Why Deepika Padukone looks superficial in "My Choice" video
You could mistake the video for a shampoo, hair oil or skin care product ad.
- Total Shares
When I first saw the viral video "Ladke rote nahin Hai/Boys don't cry", it gave me the chills. The message cut across sharper than the killer gaze of the creep in the last segment who had evidently bashed up a woman and looked smug about it. Violence against women, from swank condos to dilapidated slums, speaks the same language. Especially when the message/copy is simple. "Teach our boys not to make anyone cry." Just a reminder that men and women are equal stakeholders in this fight for empowering women. You cannot hope to change one without changing the other. For a daughter to be treated well, you need to talk to the parent of a son. Simple. Vinil Mathew. Bravo.
Cut to Deepika Padukone, reciting a long verse that covers everything from mother earth to mother figures, babies to bra strap. The third film in the campaign by Homi Adajania fails to make the kind of impression that the previous one made. Here's why.
You could mistake it for a shampoo, hair oil or skin care product ad. The lush, sensuous images say nothing more than what you see. Just a stylised collage of well-styled good-looking women, some celebrities, some random villagers and tribal women. Especially Deepika, with her Parachute hair, smoky eyes and that curious expression towards the end that is a cross between agony and ecstasy. For a moment one thought it is an empowering ad for a sanitary napkin or something more ornamental, like say diamonds. But equally empowering for the wearer we guess. Yes, it is too much of Tarsem Singh with a purported social message. Lot of style, lot of hair flying, lot of skin and spunk.
Now what exactly is the message here? The copy writer tries to cram in way too many ideas in one video - from serious stuff like adultery and negative body image to more adolescent worries such as curfew hours and revealing clothes. The gravitas, if any, is completely lost in the jumble of messages and images: "Sex before marriage/sex outside of marriage… "
The bindi on my forehead, ring on my finger, your surname my ornaments that can be replaced… halt expansion of the universe or capture sunlight in the palm of your hands and some lofty philosophical utterances such as 'I am the universe, infinite in every direction."
Deepika's deadpan delivery. We are totally in love with Deepika, the actress. She has finally been able to tap into her inner artiste with powerhouse of performances in one film after the other. But her delivery in this video falls flatter than soggy papad. Her voice makes the trying-too-hard-to-be-cool script, sound yawn-inducingly boring. You could watch it on mute. It would sound the same.
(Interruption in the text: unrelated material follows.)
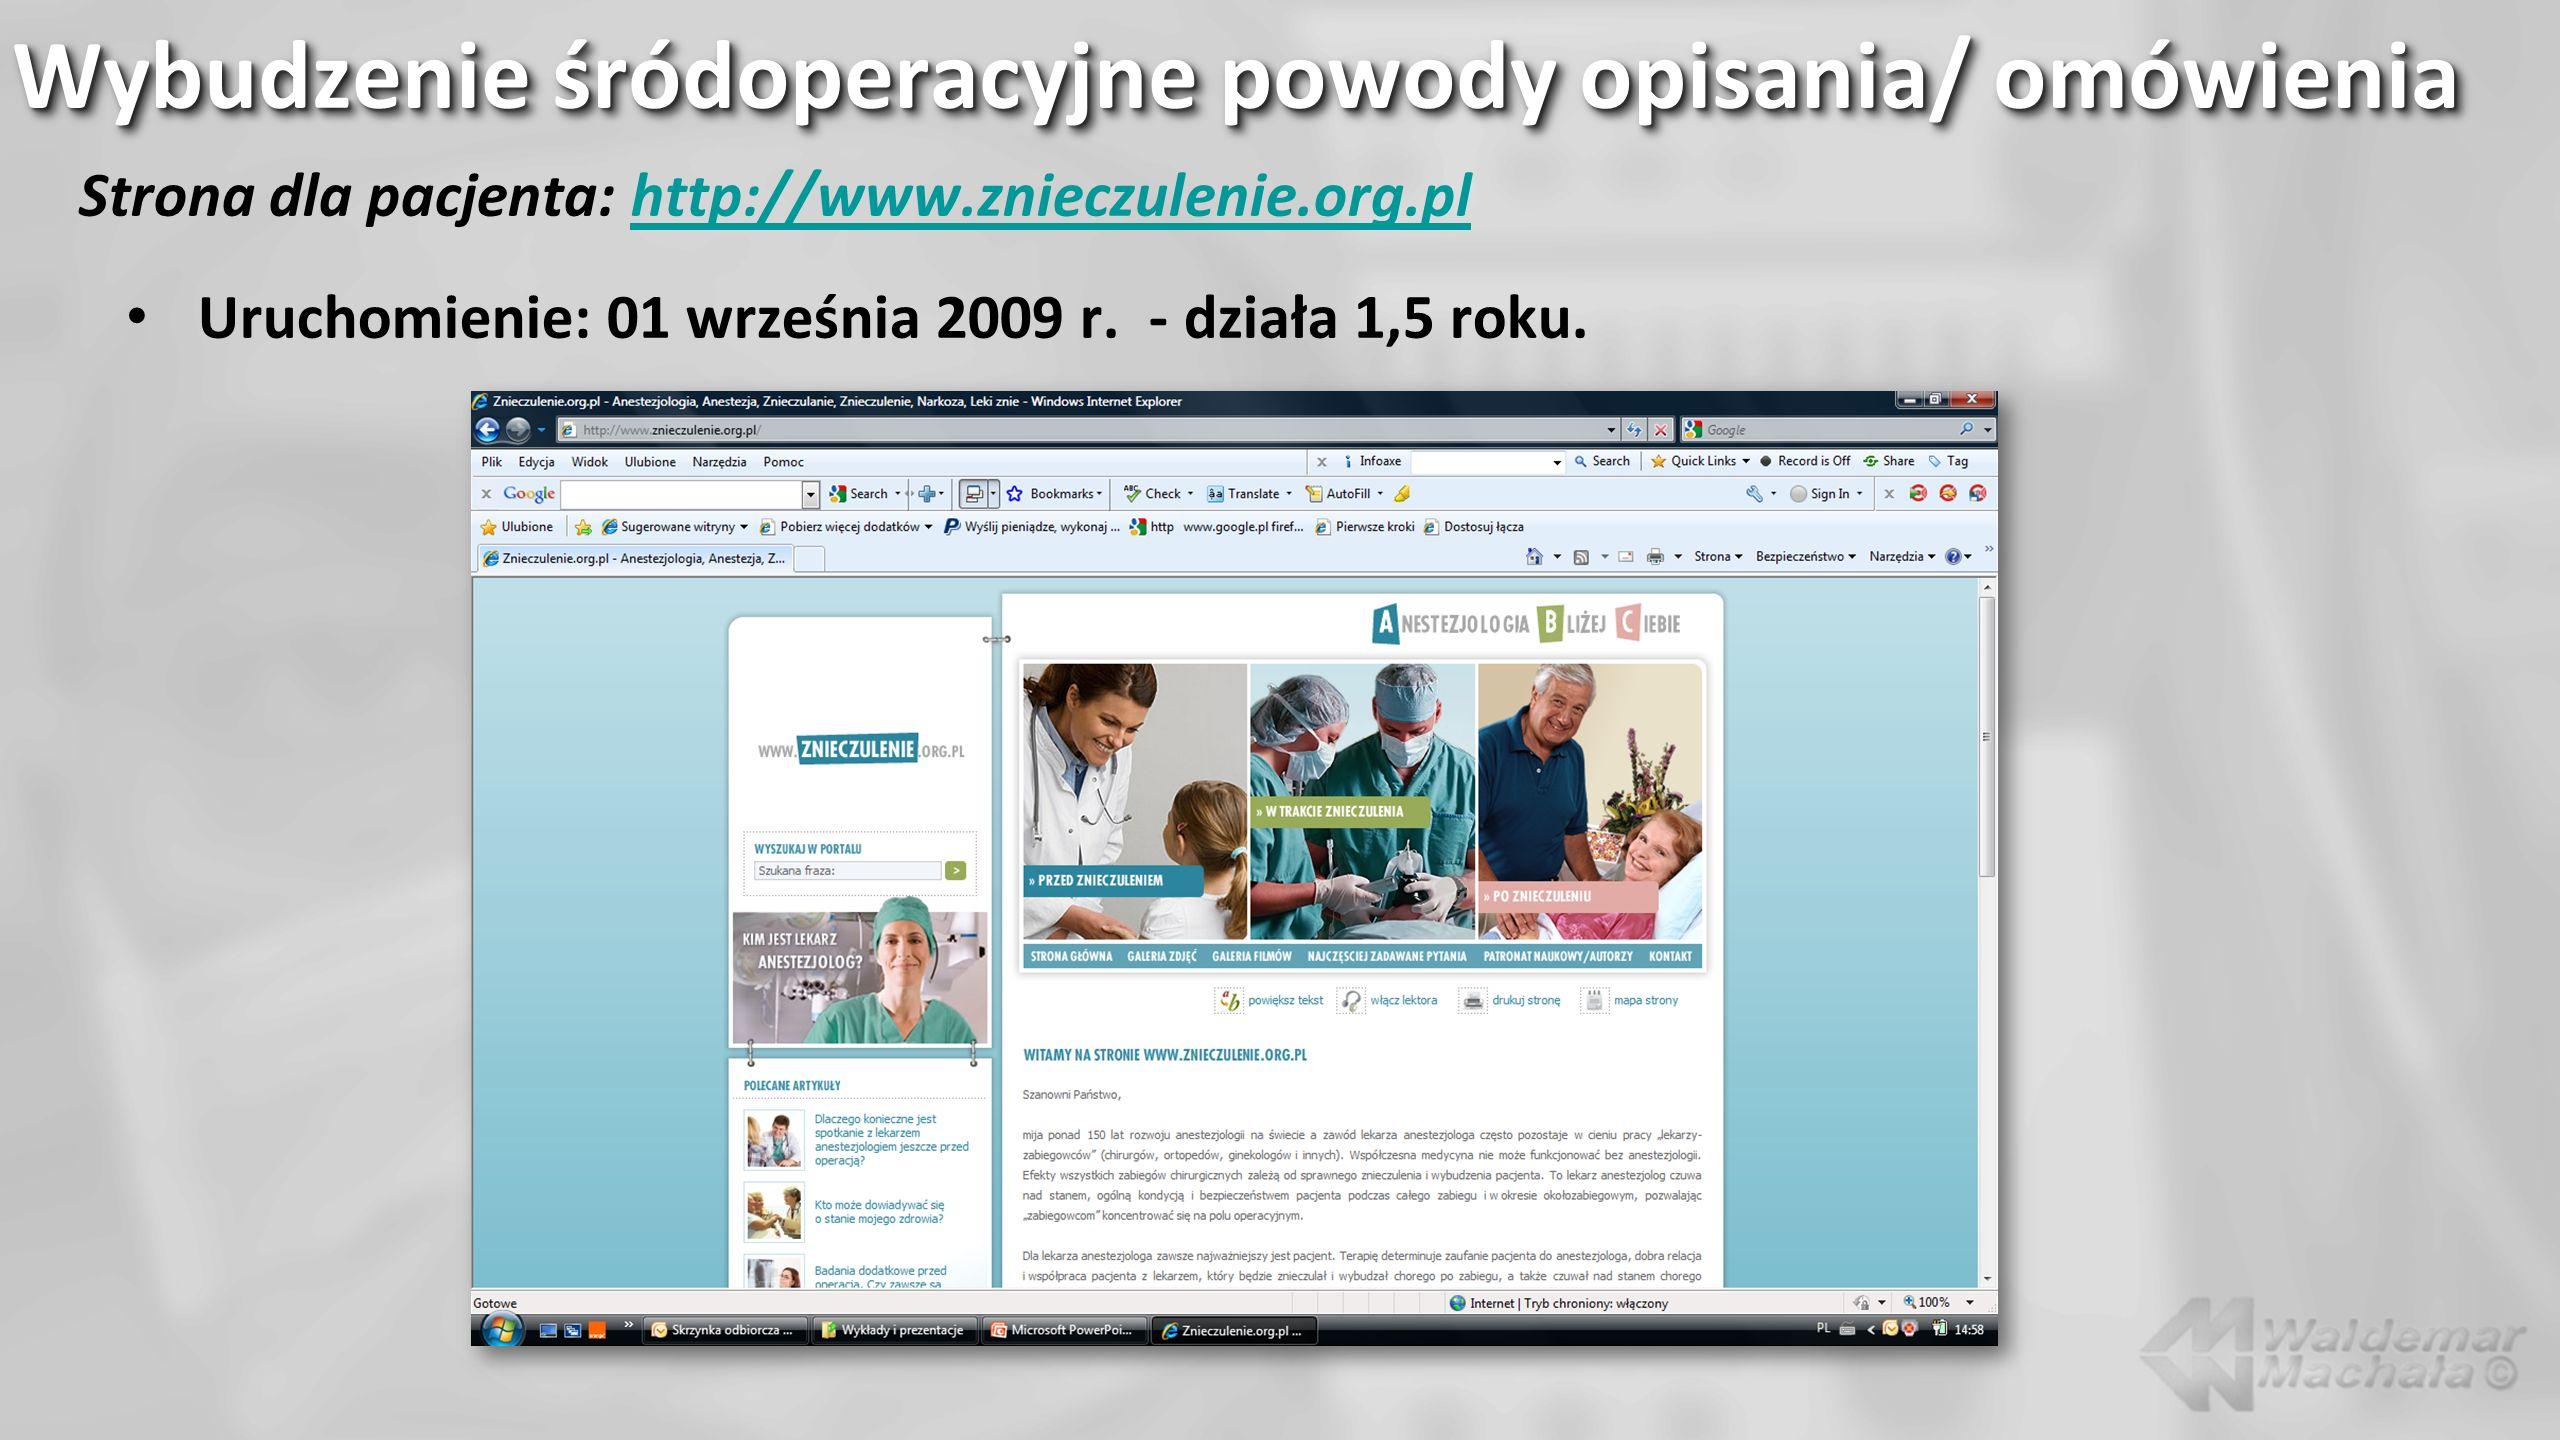 Strona dla pacjenta: http://www.znieczulenie.org.plhttp://www.znieczulenie.org.pl 172 listy – tyleż porad (w kilkudziesięciu przypadkach korespondencja z 2-6 listami).

Who are they talking to? Who are they talking about? A bunch of women born to certain privileges, who are empowered in any case, talking about the importance of what they enjoy don't really make the cut. The blink-and-you-miss images of rustic women, interspersed with the blow-dried and waxed silken lot, may be the director's way of injecting a shot of reality into the narrative. But does it really work? (With due apologies to a friend whose idea I borrow here.) The film comes across as the kind of stuff that is conceived at a brainstorming session at a sprawling Alibaug getaway, where a grassroots campaign is more about walking barefoot on the manicured lawns in your Malini Ramani kaftans and inspiration comes in tall glasses topped with "desi" nariyal pani. Give me an acid attack victim who speaks of being ostracised and dares you to look her into the eye without flinching. Give me an ordinary woman who does not need to conform to this idea of coolth with strappy clothes and silver arm bands who makes her own choices and is proud of it.
A beautiful, successful, popular actress who has dated some of biggest stars in the country and has created a fortune for herself (kudos to her), talking about how her choices, well…are her own…don't make much of a difference to those who don't even have the option to begin with.
Choice is a powerful idea. But it is also a privilege. Some women are born into it. Most Indian women have to earn it the hard way. Merely addressing the YouTube audience from the frame of a slick video in a language that fails to register, is missing the point by the whole nine yards.
We wish Deepika had been equally vocal about being part of a certain AIB Roast. Or come out in full support of a colleague who was endlessly heckled by men who could not handle losing in a game played by "gentlemen". Now that would have been as empowering as it would have been cool.
The film's heart is in the right place no doubt. But its head is rather directionless.